There’s no reason to fear the musings of a licensed counsellor, obstetrician or urologist. These people get paid to help couples for a living and will help you realise that there is no sex problem that cannot be resolved if the couple is committed to having a vibrant sex life. Whether it’s talking through the issues, helping establish groundwork for moving forward, suggesting tips and tricks, or even prescribing medical solutions, experts can give you and your partner a practical way to fix things that you simply couldn’t come up with on your own.
For instance, if it’s partly a medical/health issue, the solution could be relatively straightforward. “Women who turn to using an over-the-counter remedy such as a moisturiser or a prescription for local estrogen have found that there can be improvements to dryness, vaginal atrophy and menopausal symptoms associated,” says Rapini. “Also trying a silicone lubricant like Wet Platinum or Replens Silky Smooth enhances intimacy and allows for couples to enjoy sex without problems that can cause painful or ‘sandpaper’ sex.”
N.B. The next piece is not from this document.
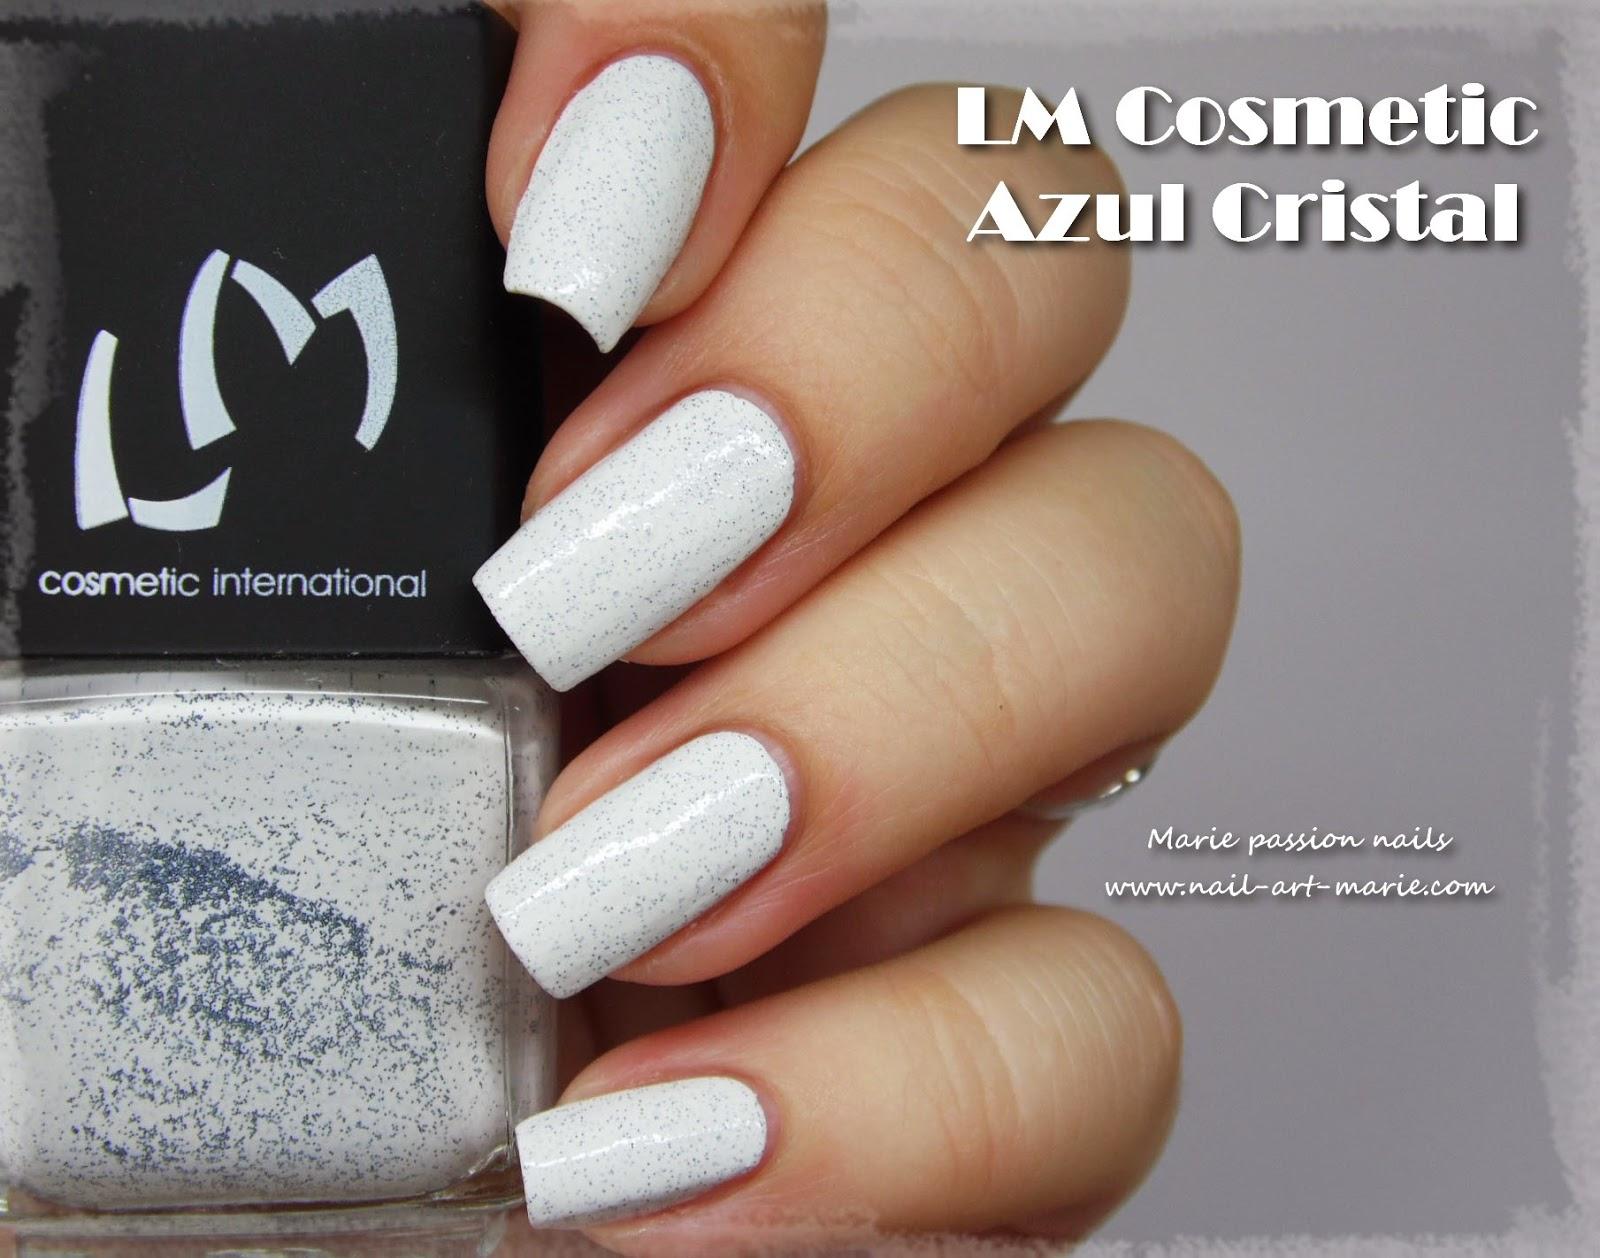 Lm Cosmetic Azul Cristal1

So, while the prospect of potentially uncovering more problems can be scary for a couple who’s already having issues, the obvious answer is to do it. More often than not, the problems can be fixed easily with a little bit of firm communication, a change in habits, and even a little bit of lube. And if that’s not enough, it might be time to turn to an expert. You have to keep in mind that a sexless relationship can only go on for so long before someone will break – which very well could end in breaking up or in infidelity. Counsellors, sex therapists and sexologists have done it all, seen everything, and can look at your relationship with an objective eye to get to the bottom of your problems. More than anything else, you just need to stay positive and remember there hardly any problems are unfixable – if you both commit to this, you’ll be having hot, earth-shattering, sex again in no time.